CEO Greed, Corporate Social Responsibility and Organizational Resilience - headalgorithm
https://journals.sagepub.com/doi/10.1177/0149206320902528
======
headalgorithm
Abstract:

In this study, we explore how top executives affect the well-being of multiple
stakeholders and long-run organizational outcomes. In the context of the 2008
global financial crisis (GFC), we examine how CEO greed impacts firms’ stance
toward corporate social responsibility (CSR) prior to the onset of the GFC and
how this, in turn, shapes firms’ fate during and after the GFC. We argue that
CEO greed will be negatively associated with CSR, because in their unbridled
pursuit of personal wealth, greedy CEOs are more likely to exhibit myopic
behaviors and neglect investment in CSR. We also adopt a person-pay
interactionist logic to theorize that the willingness of greedy executives to
invest in CSR will be especially sensitive to different types of pay
instruments.
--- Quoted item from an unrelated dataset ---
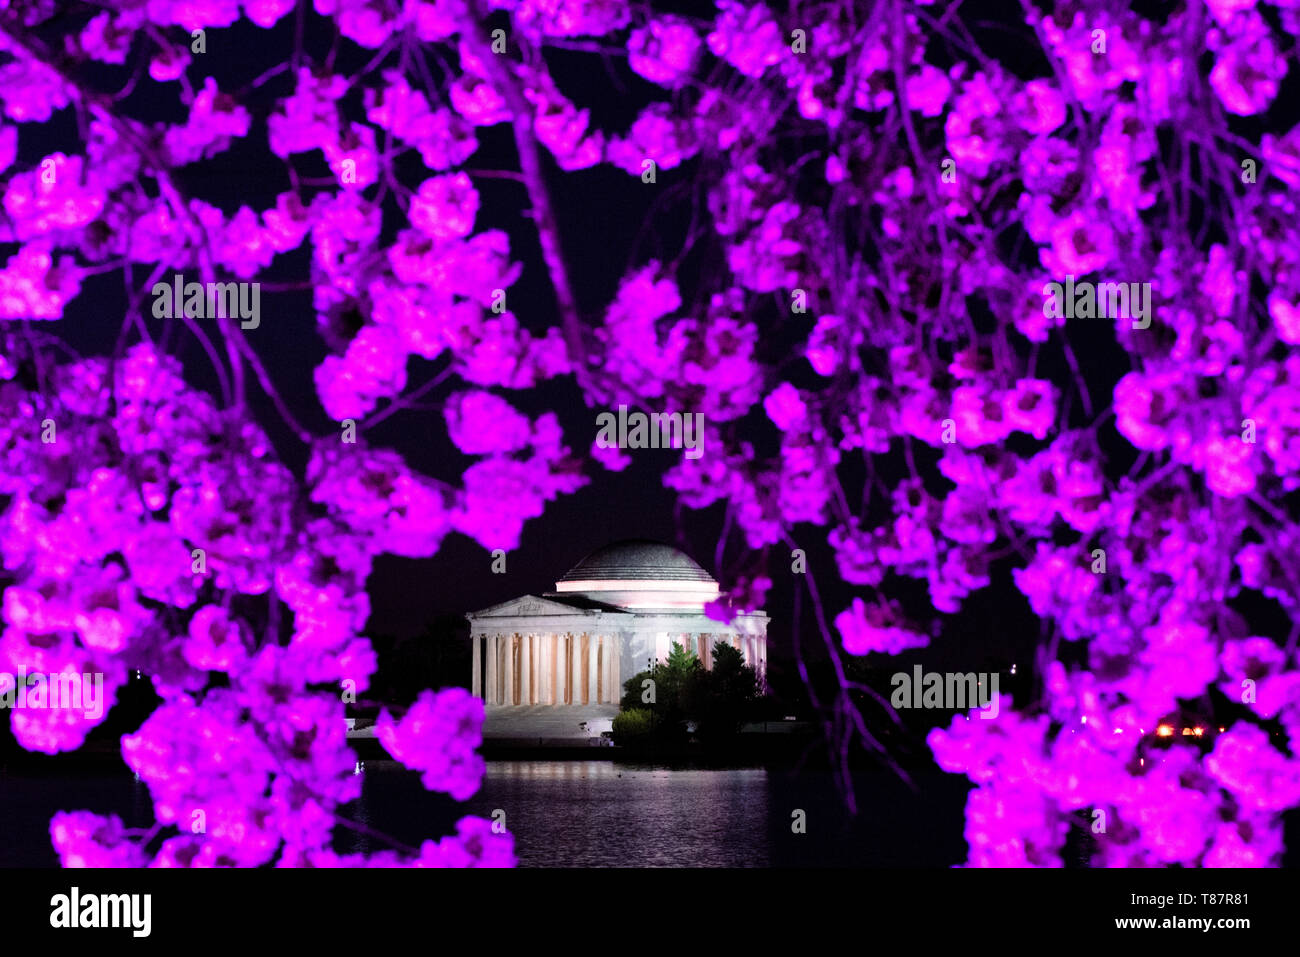 WASHINGTON, DC - The Jefferson Memorial framed by cherry blossoms in full bloom and illuminated by pink lights. The annual flowering of thousands of cherry trees around and near monuments of the Tidal Basin in Washington DC is a major tourist attraction. The bloom is only fleeting, and the precise timing changes year to year depending on the weather in the months leading up to it. Stock Photo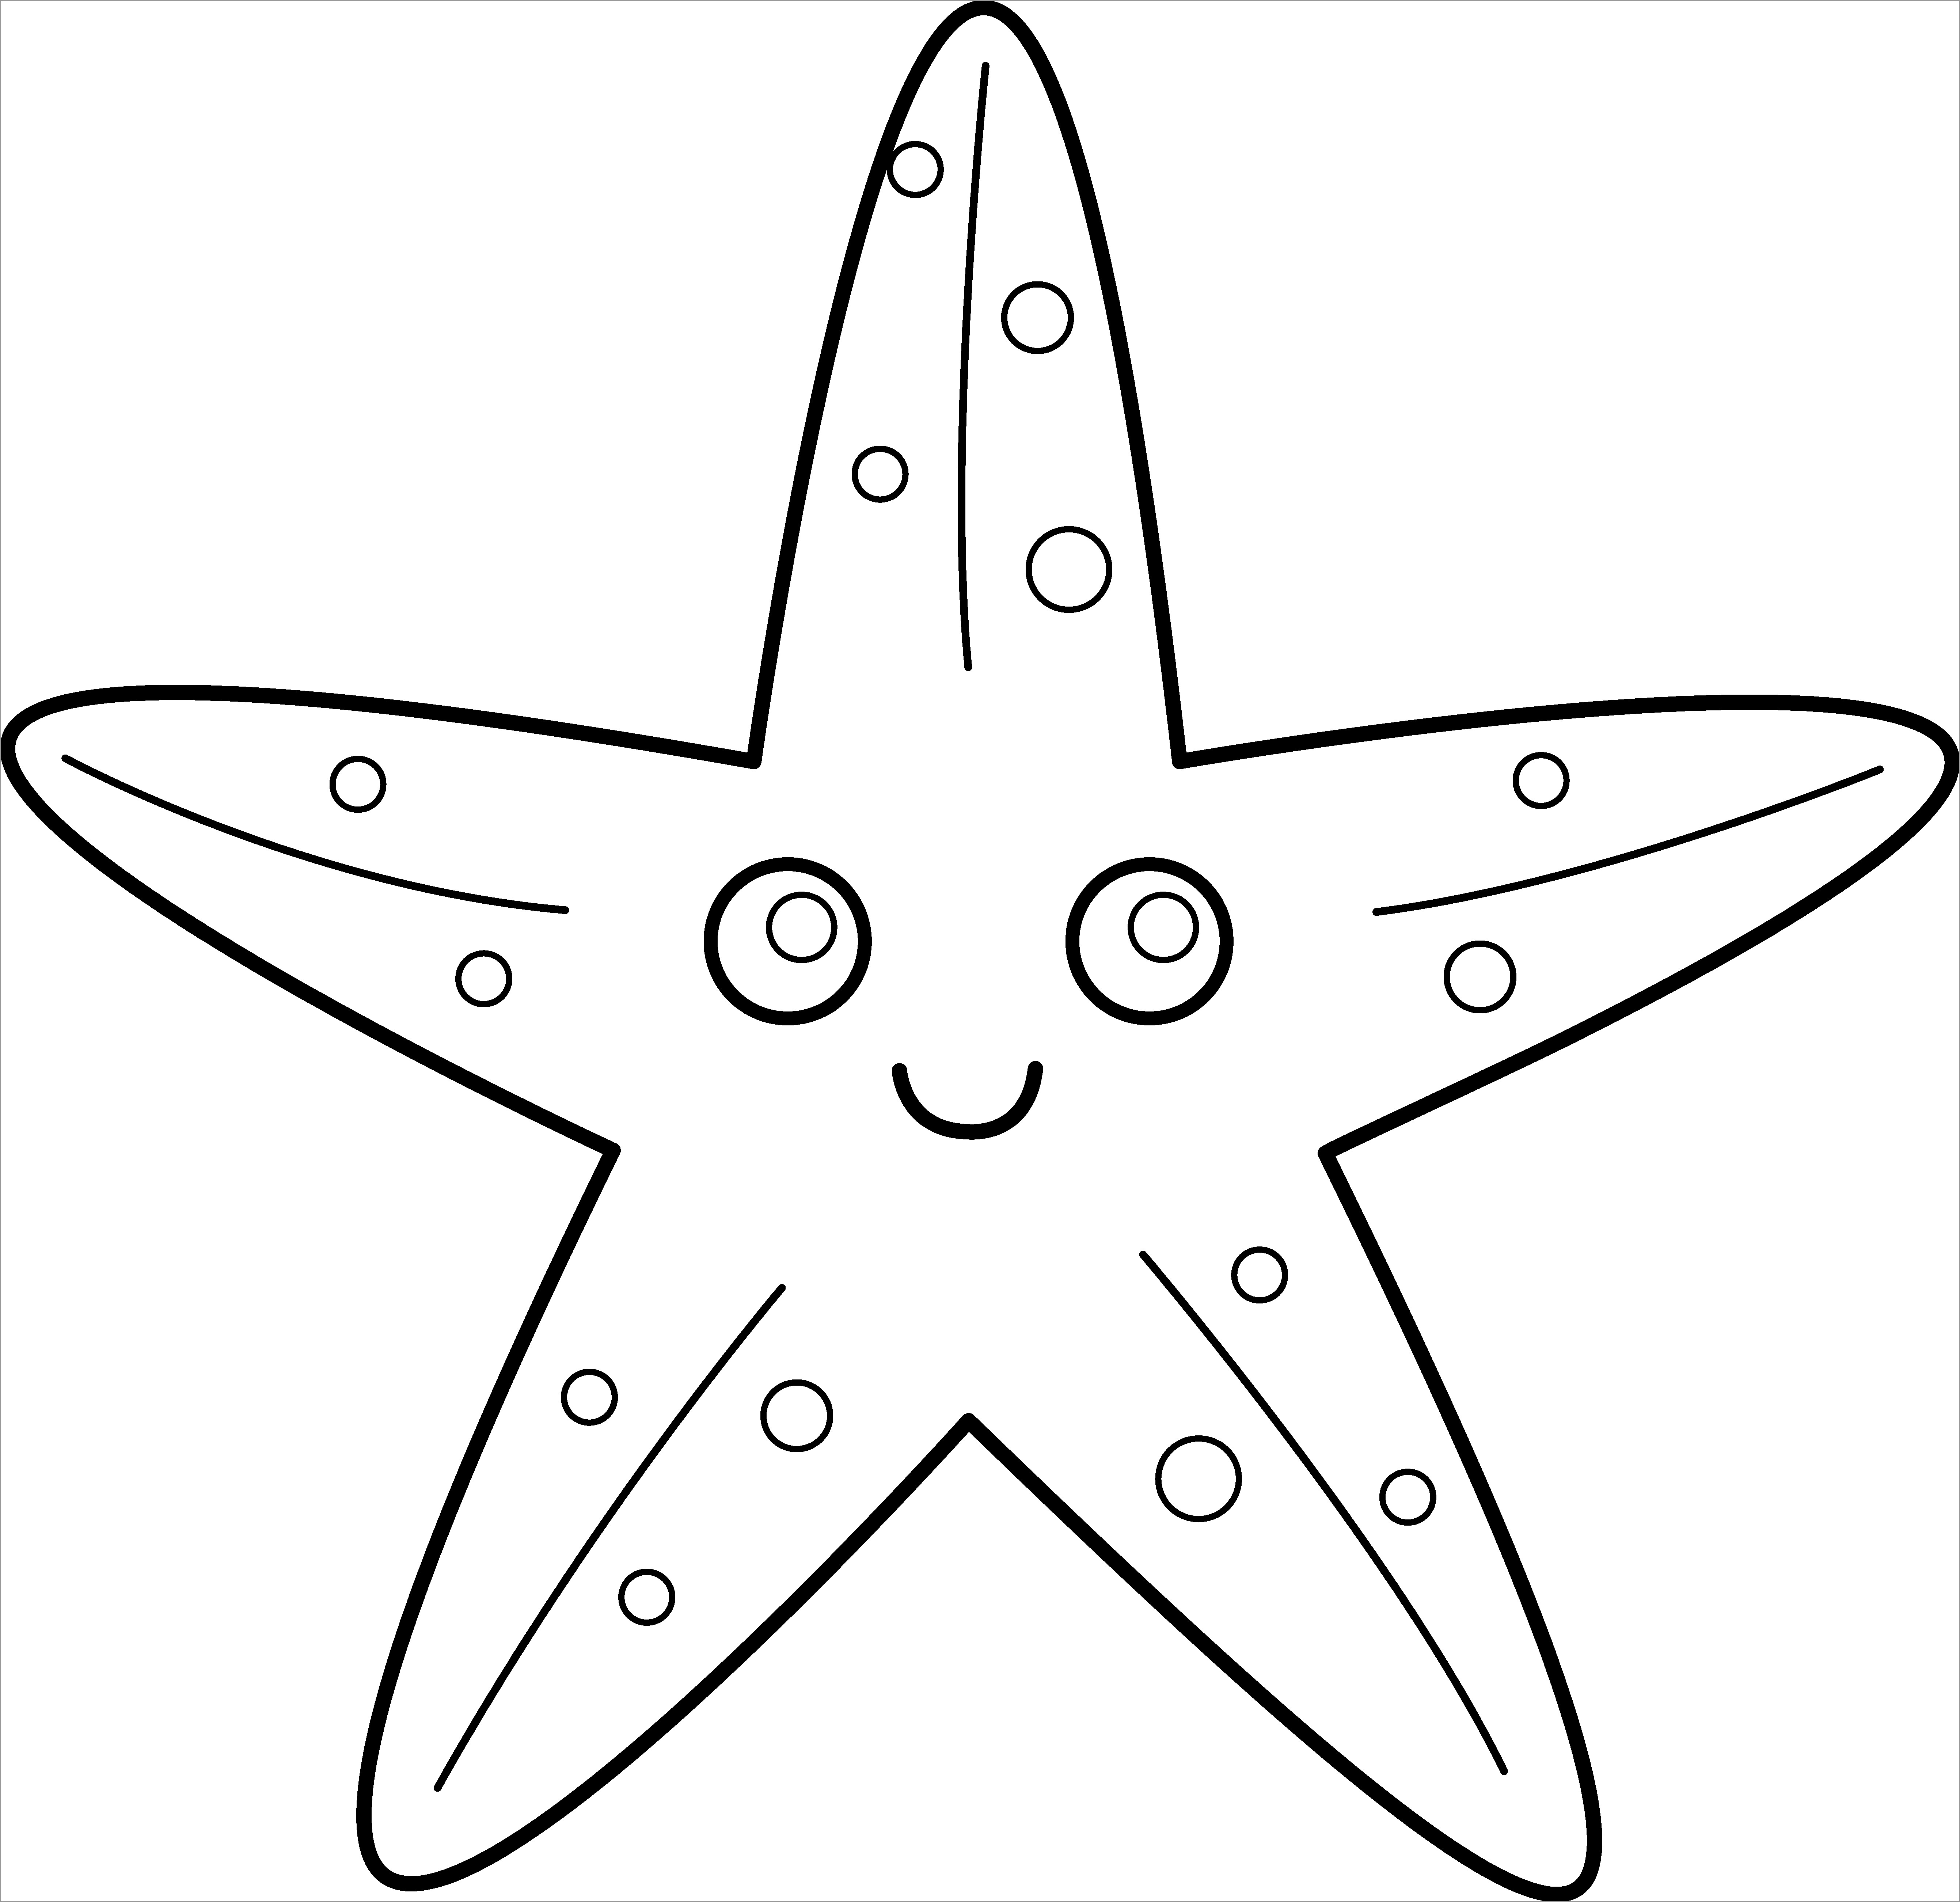 Starfish Coloring Page for Kids

Next, we build on recent findings from research on CSR that
suggest that stakeholder engagement is a defining feature of resilient
organizations. We expect that, due to low CSR investment, firms led by greedy
CEOs will experience greater losses in the short run and will take longer time
to recover from the 2008 GFC. For a sample of 301 CEOs of public U.S.
organizations, we analyzed the stock prices and found general support for our
hypotheses.